## RECORDED DATA
◆ ◆ ◆ ◆ ◆ ◆ ◆
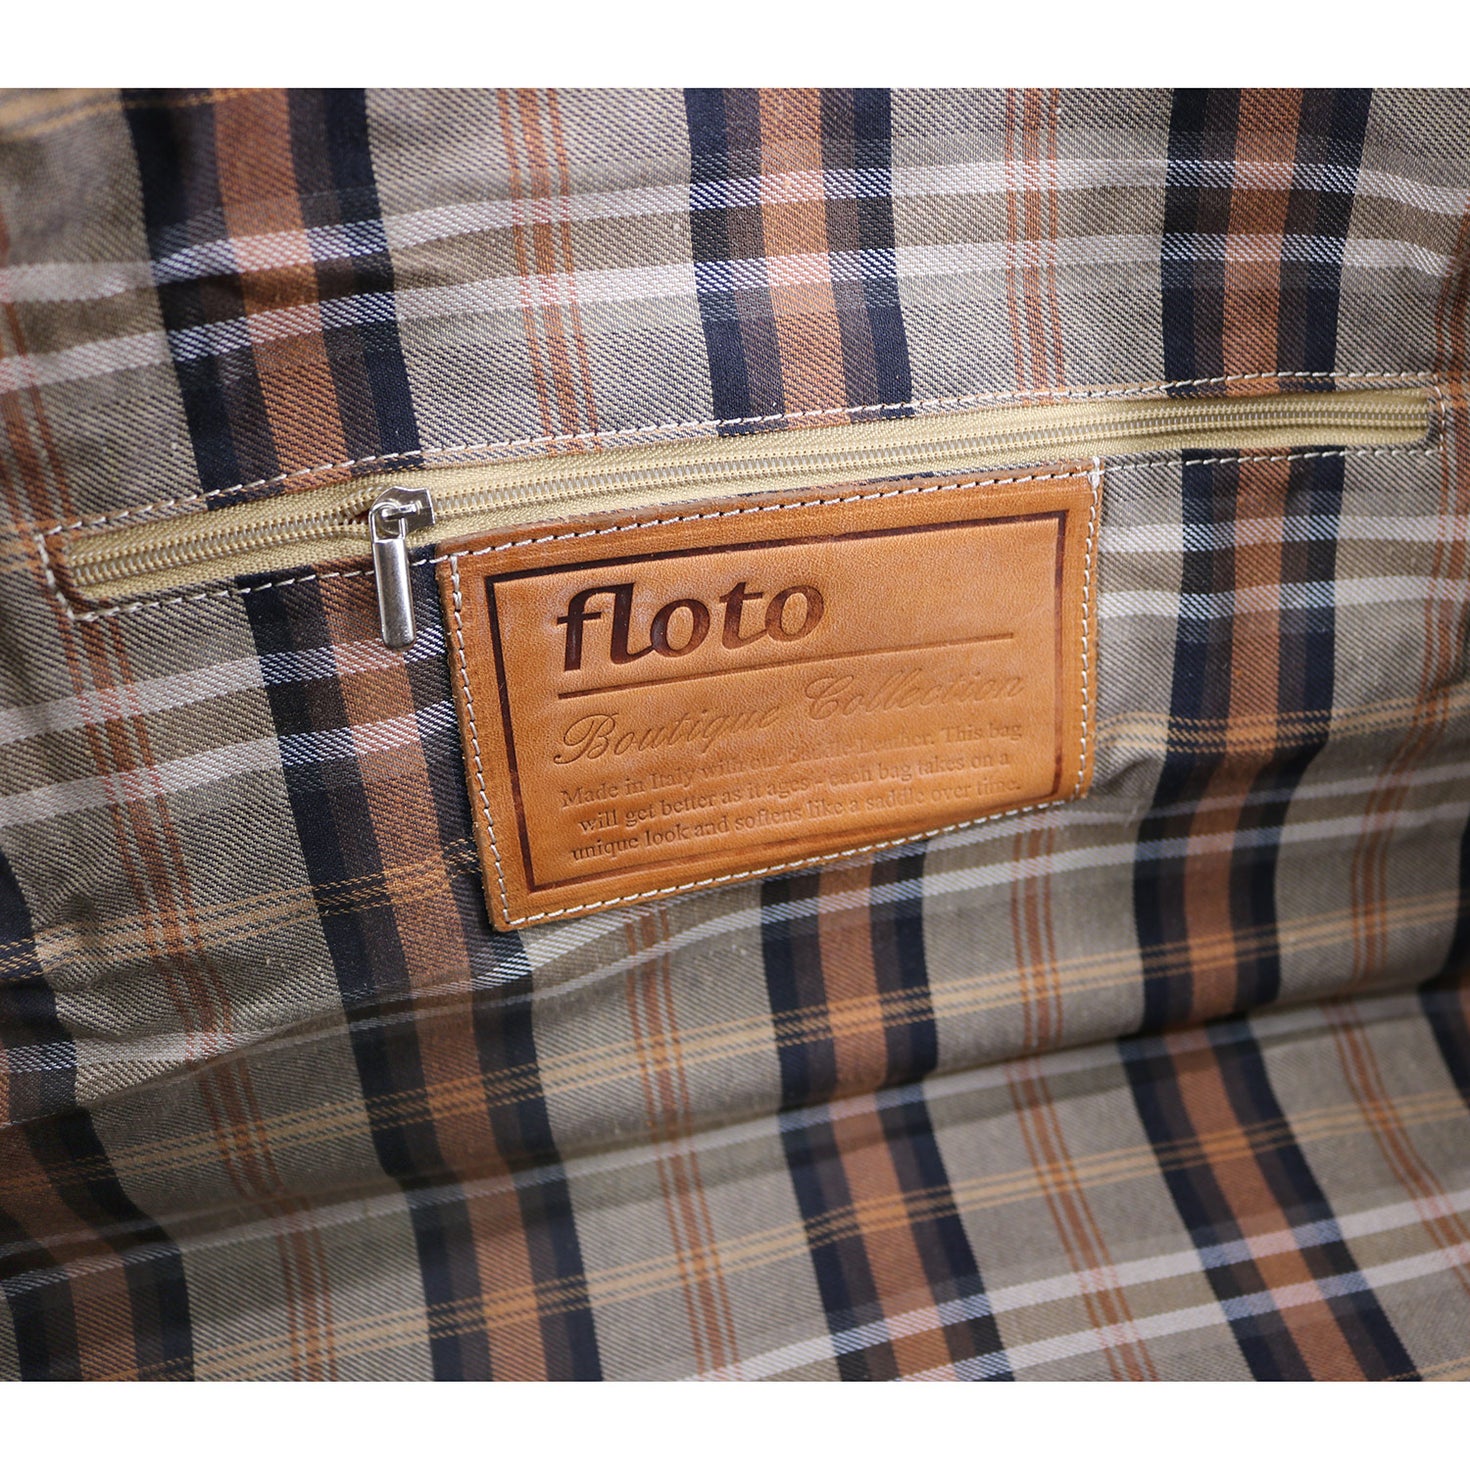 Floto Parma Italian Leather Duffle Travel Bag Carryon Suitcase Luggage
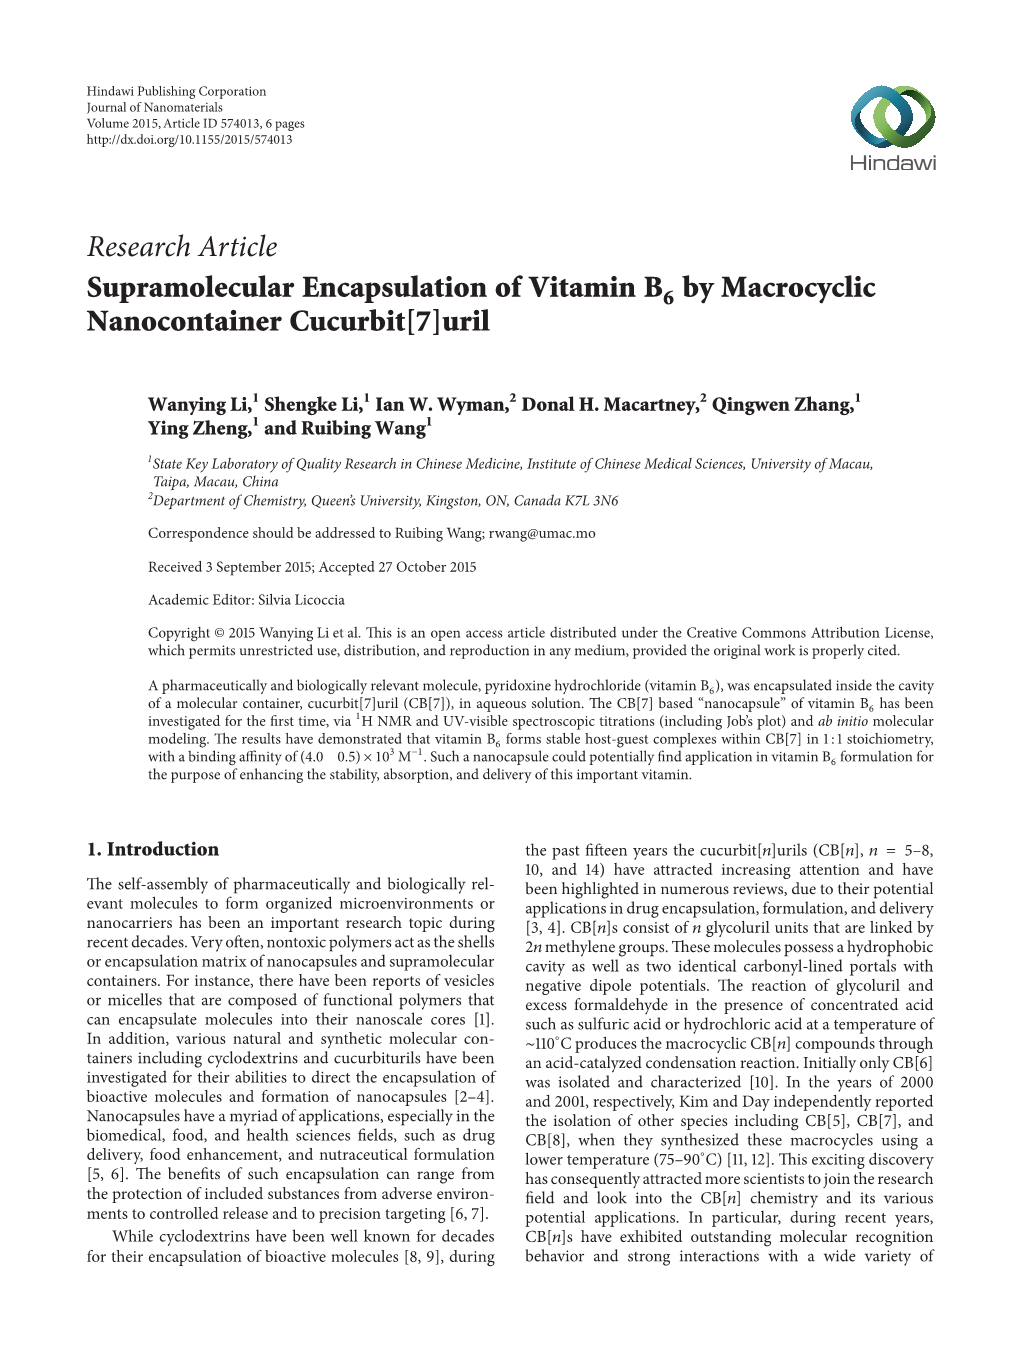 Supramolecular Encapsulation of Vitamin B6 by Macrocyclic Nanocontainer Cucurbit[7]Uril
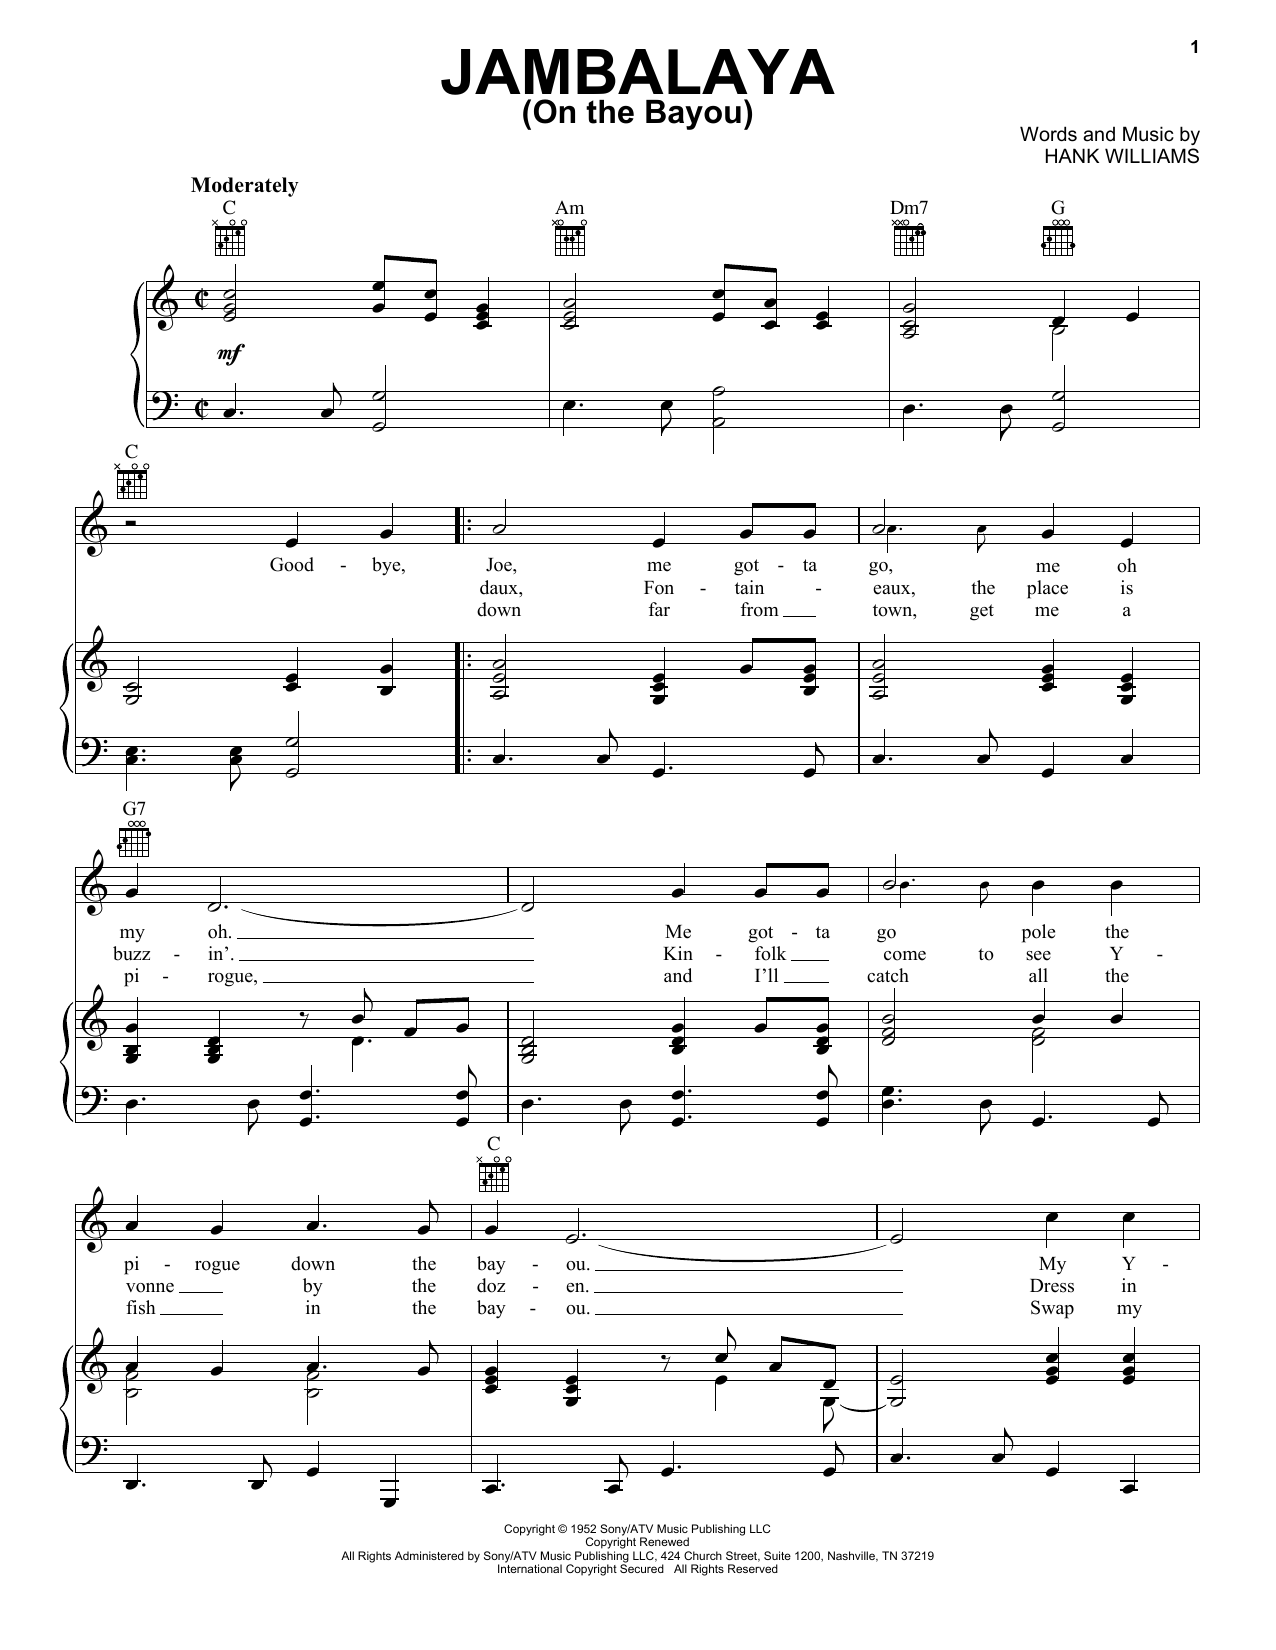 Hank Williams Jambalaya (On The Bayou) Sheet Music Notes & Chords for Banjo - Download or Print PDF
◆ ◆ ◆ ◆ ◆ ◆ ◆
Everything from the line containing "Supramolecular Encapsulation of" through the final line of the material must be set down exactly, except the pictures.

## WRITTEN ANSWER
 Supramolecular Encapsulation of Vitamin B6 by Macrocyclic Nanocontainer Cucurbit[7]Uril
 Hank Williams Jambalaya (On The Bayou) Sheet Music Notes & Chords for Banjo - Download or Print PDF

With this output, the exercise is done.